Яичницу Петр Васильевич съест молча, со внушительной вдумчивостью и, ровно в восемь, вооружившись у двери шляпой и палкой, все так же молча выйдет на улицу, которую он, в силу привычки, называет слободой.
А сейчас, до урочного времени, старик просто, безо всяких дум глядел в облитое первым июльским светом окно, за которым когда-то был небольшой садок десятка на два яблонь впере-межку с вишнями (причуда Петра Васильевича, тоже отдавшего в свое время дань новомодному тогда учению) и где теперь высилась красного цвета глухая стена заводского корпуса. Стена была такой непостижимо громадной, что иногда ему казалось, будто за ней уже ничего нет — пустота.
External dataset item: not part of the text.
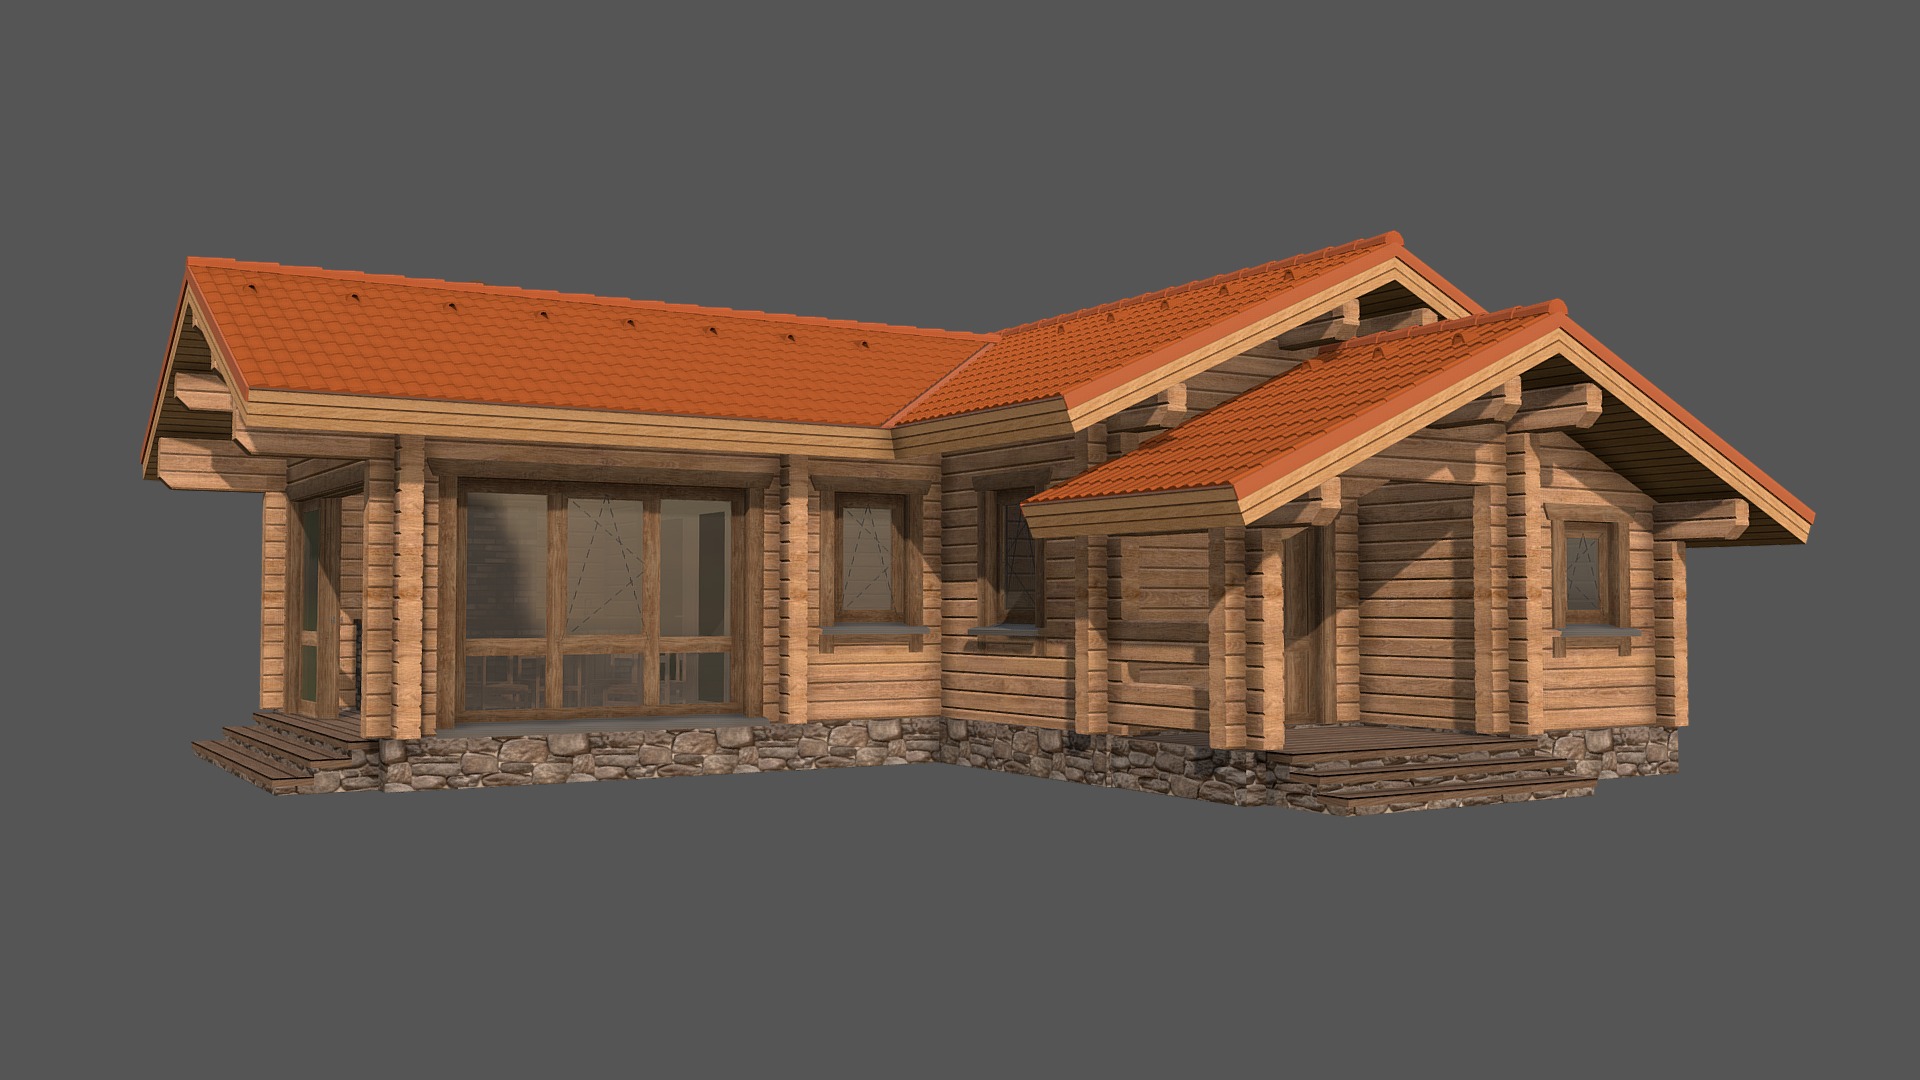 3D model Проект бани 1.0 (Ногинск) - This is a 3D model of the Проект бани 1.0 (Ногинск). The 3D model is about a house with a stone wall.

Завод, год от года обрастая строениями, все ближе придвигался к утлому дому, отжимая его к самой дороге, которая в свою очередь расползалась в ширину. Между этими двумя врагами, словно маленькое буферное государство в тисках гигантов, и отстаивал свою независимость приземистый, еще дедом отстроенный пятистенок, где одну комнату из четырех занимал Петр Васильевич.
В городе его знали все или почти все и, если не любили, для этого он никак себя не проявлял, то уж во всяком случае уважали, как, впрочем, уважают все, что хранит одним только своим существованием то, чего другие, хотя бы в силу возраста, не знают, да и знать не могут. Таким бывает уважение к памятнику, старой крепости, знаменитой горе.
Поэтому, когда известная всему городу палка стучала по асфальту, почти каждый ее стук бывал отмечен поклоном или приветствием:
— Васильичу!
Тук-тук…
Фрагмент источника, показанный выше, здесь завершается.